I read the article, if that's all there is to this library it's a complete waste of time. It offers no advantages over straight SQL if you know what you're doing. You end up spending time learning their syntax instead of learning PDO + SQL's syntax to do the same thing. For example how is this?

$db->update(    
  'trainers',     
  array('pokemon_count[+]' => 3),     
  array('id' => $trainer_id)
);

Any better than this?

$pdo->prepare( 'UPDATE trainers SET pokemon_count = pokemon_count + ?, id = ?')->execute([3,$trainer_id]);

I've written a better PDO wrapper than this and actually posted it on the old forum.

Petah

Agree 100%

Why bother abstracting away SQL?

I do like a little sugar like:

$db->write('
    UPDATE trainers
    SET pokemon_count = pokemon_count + :amount
    WHERE id = :id;
', [
    ':id' => $this->getID(),
    ':amount' => 69,
]);
TaylorRen

Well, either I use a very sophisticated DBAL, like Propel, Doctrine, or I go directly with Native SQL.

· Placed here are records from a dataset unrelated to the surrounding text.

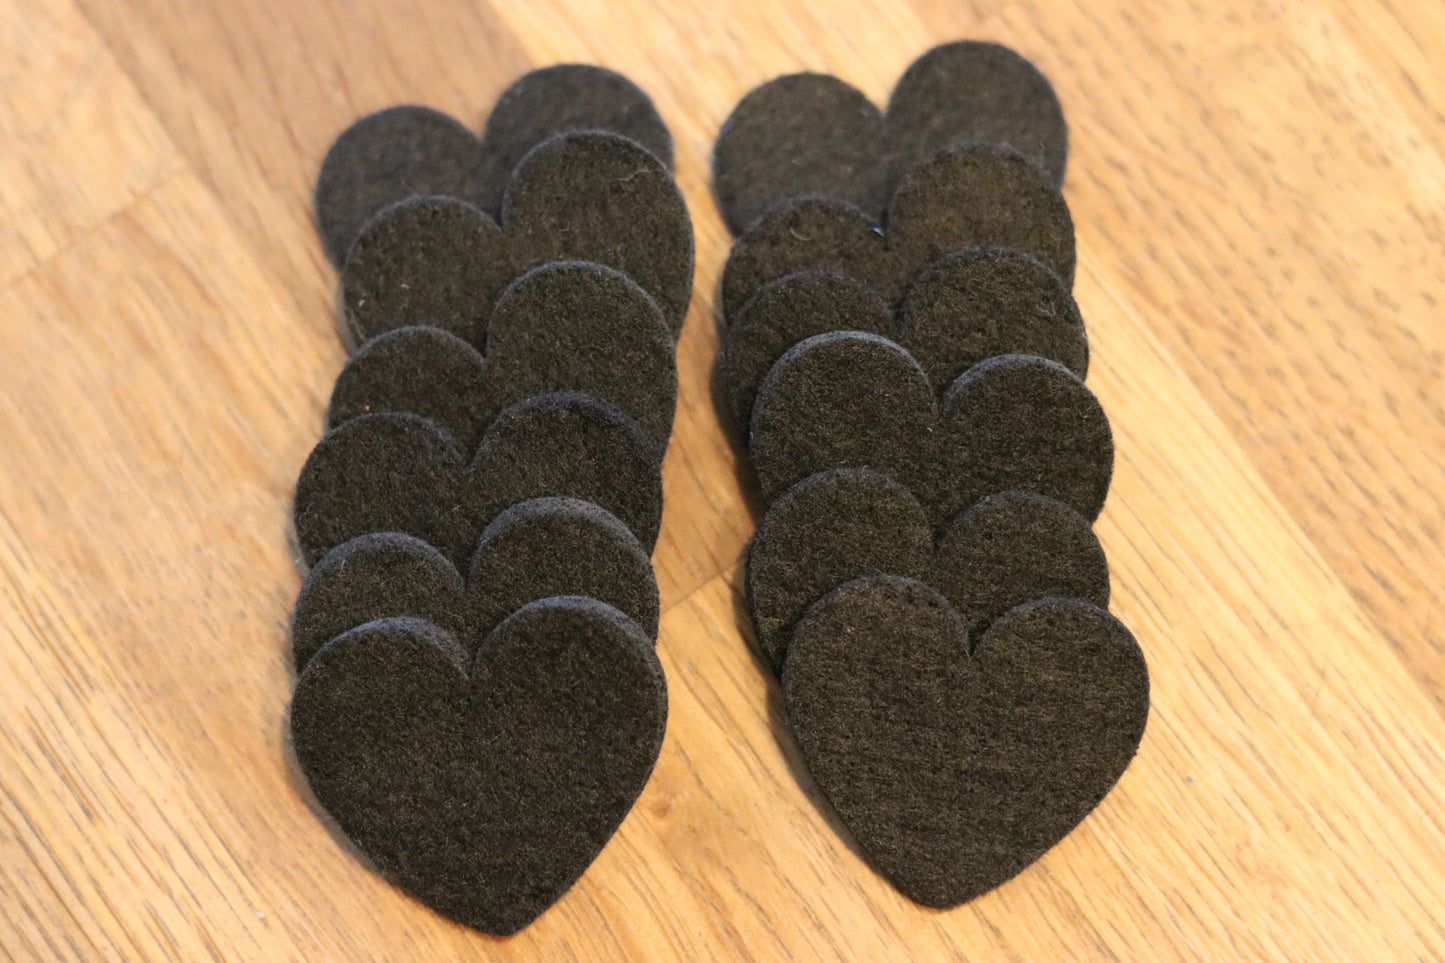 12 Replacement pads for felt diffuser
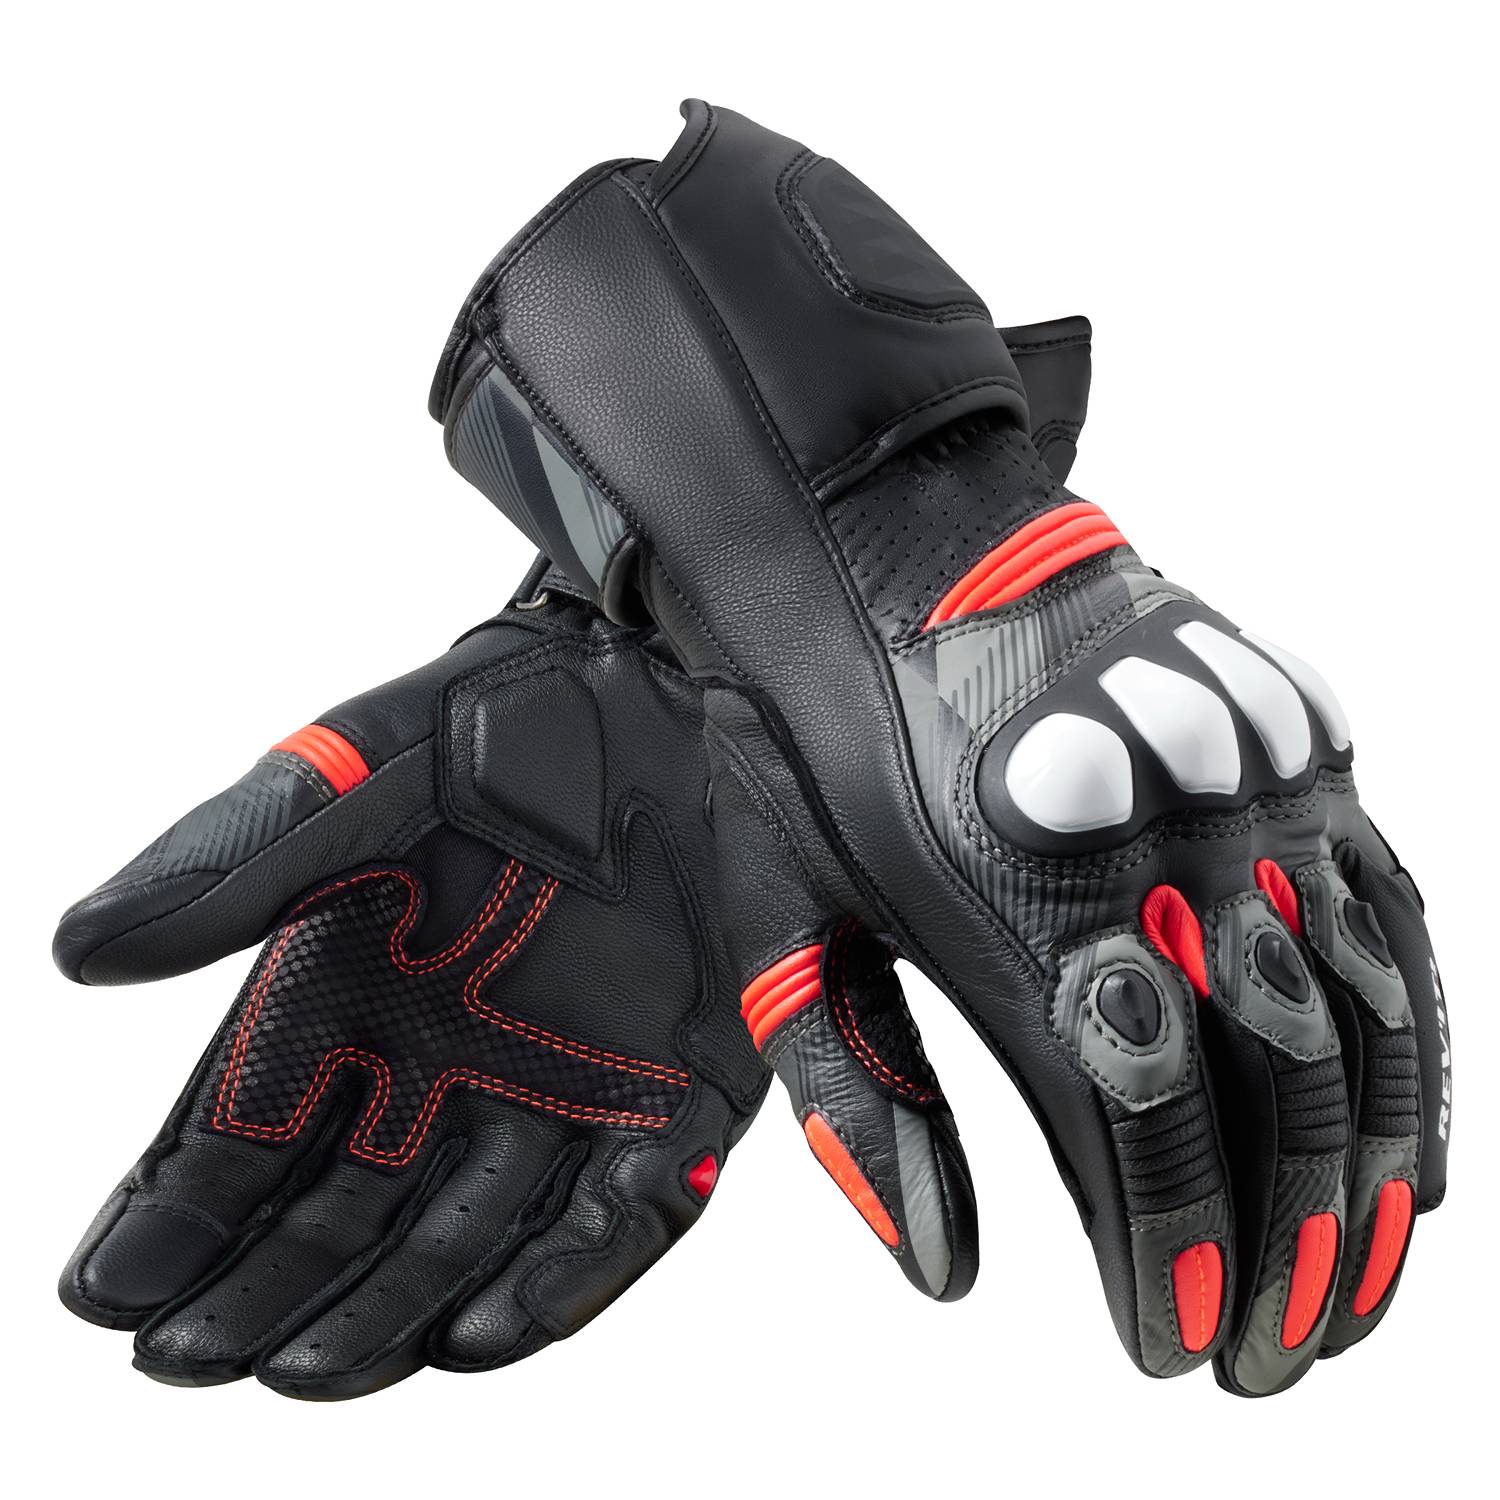 Image of REV'IT! League 2 Gloves Black Neon Red Size M ID 8700001360739
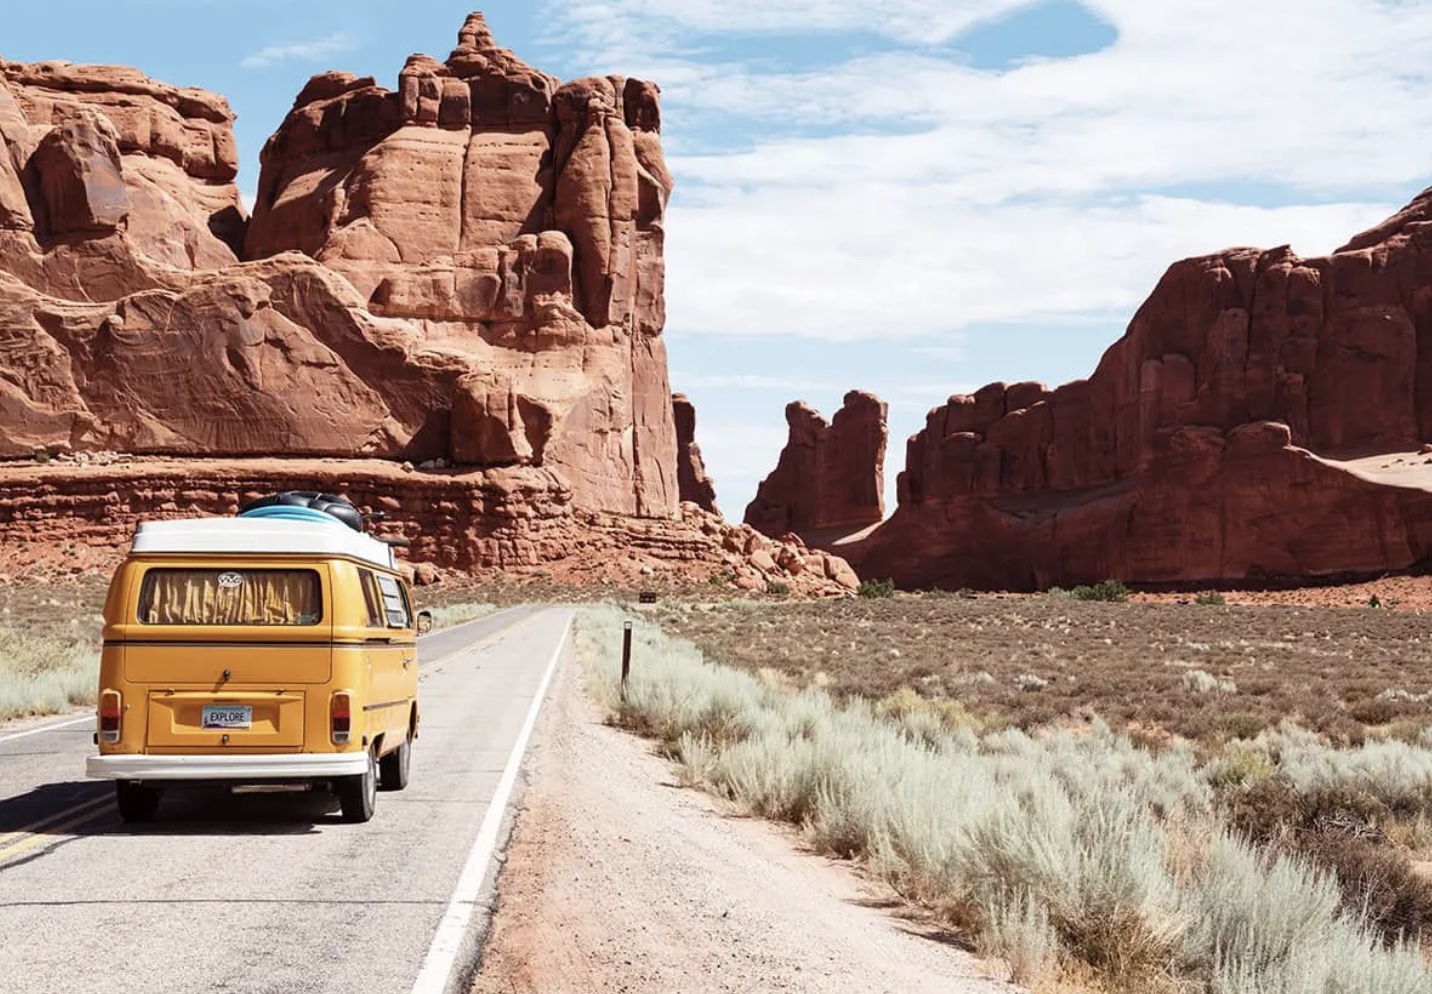 Road trip with kids? 8 ideas to make it easier
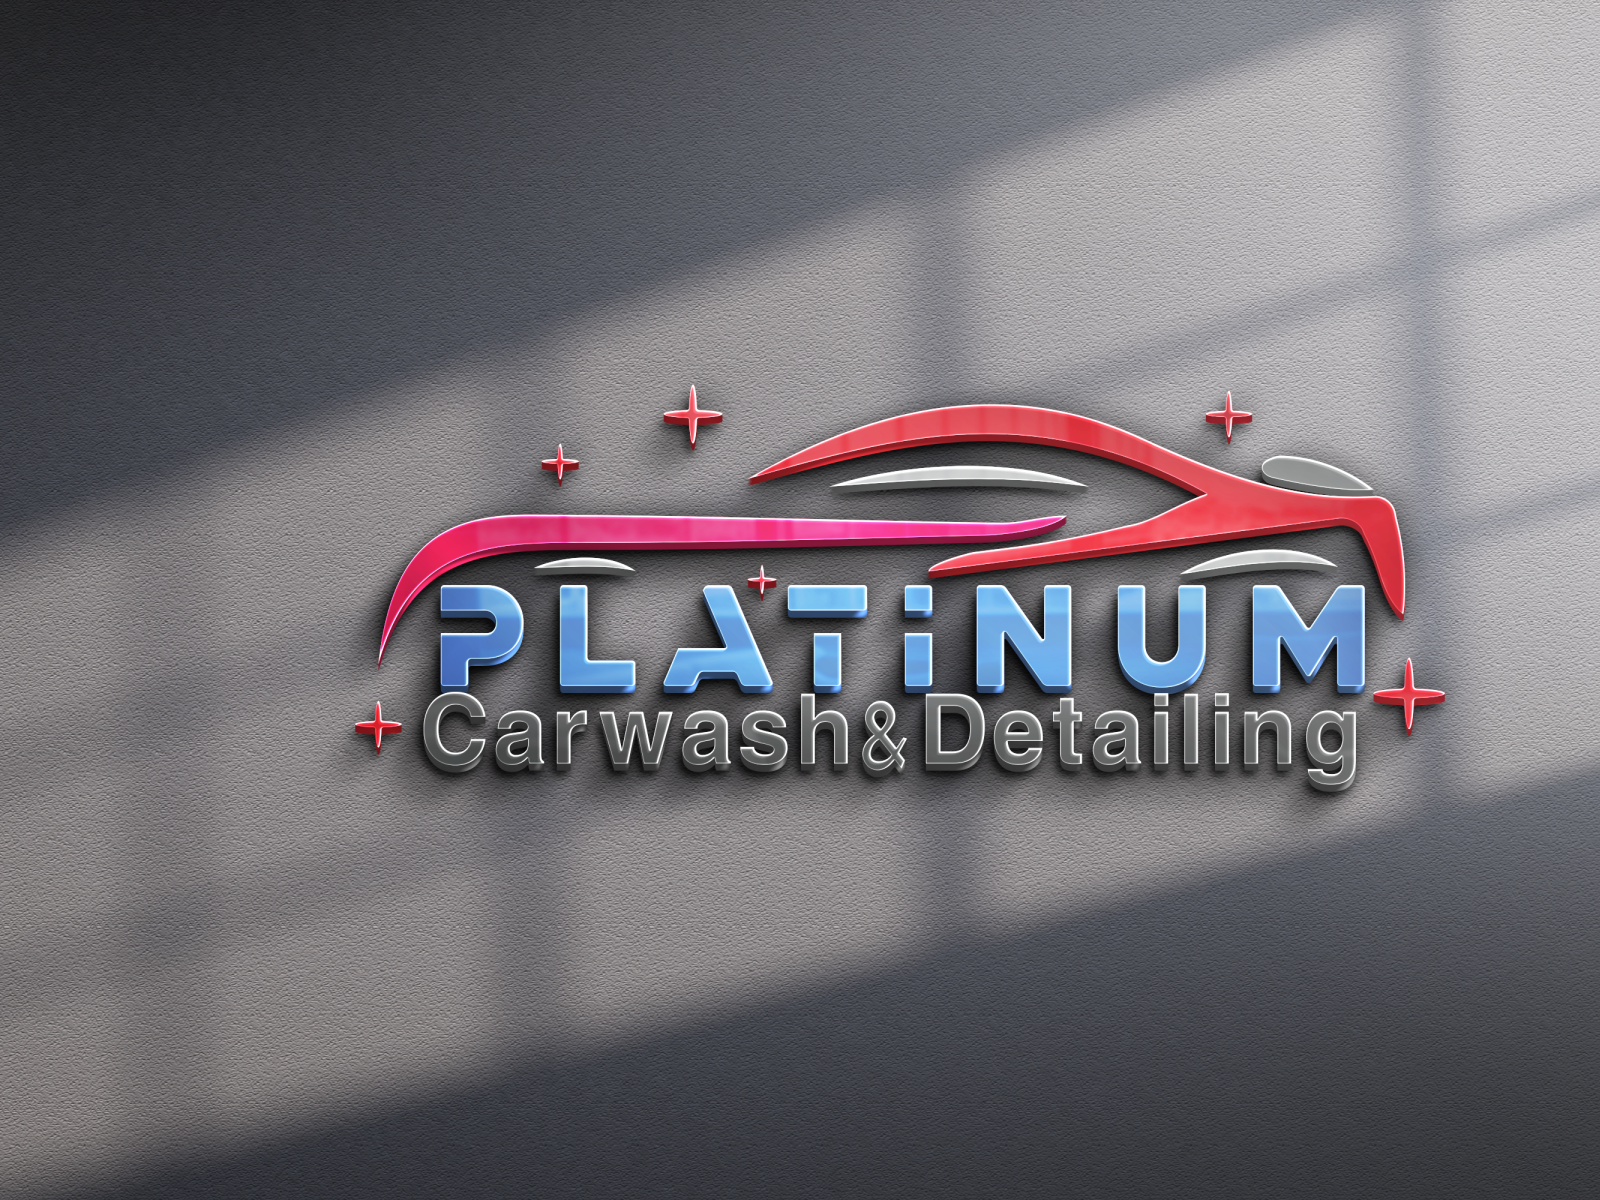 PLATINUM PROFESSIONAL SERVICES by Studio_i on Dribbble
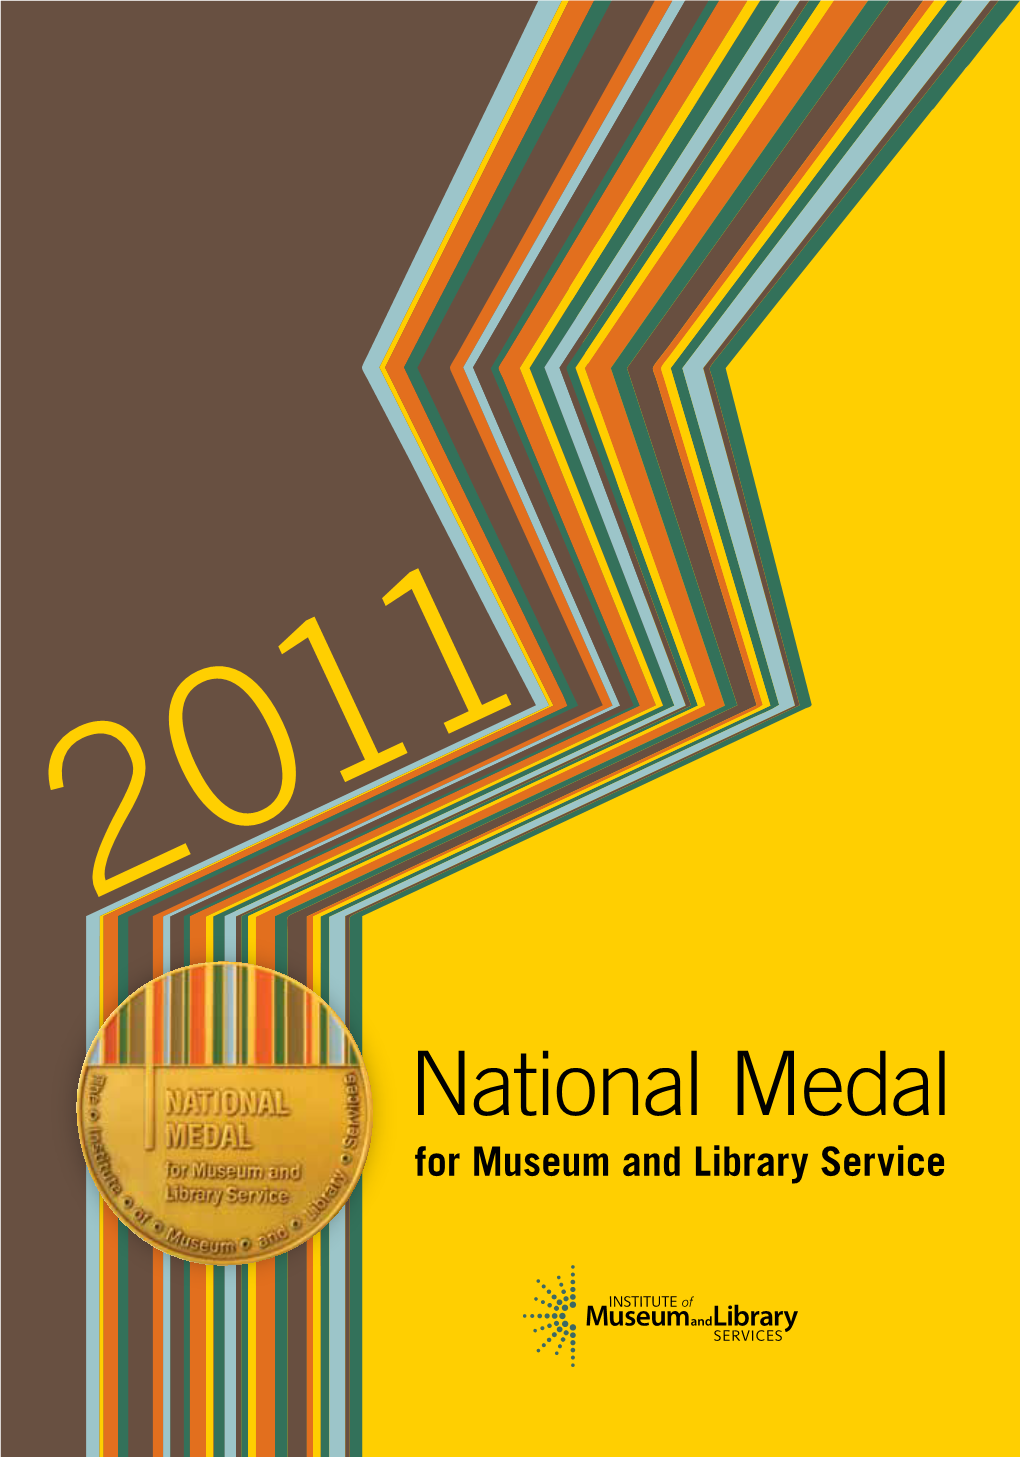 2011 National Medal for Museum and Library Service

A Lisp-like grammar "AND(a, b)" is NOT intuitive at all. It may be easier for the wrapper to parse, but it is against all human reading and SQL grammar presentation.

derak

This looks a lot like Zend Framework 1.x's ZendDb layer.
If your query is built using complex logic, abstracting the query into an object is pretty helpful.

I probably won't be using this.
This is too complex for the simple case and not that different from Zend Db.

Hulkur

Serious missing feature - get generated sql without actually running it.
last_query() is good, getSql() is better.

roman

Michael, would you mind sharing the latest version of your PDO wrapper?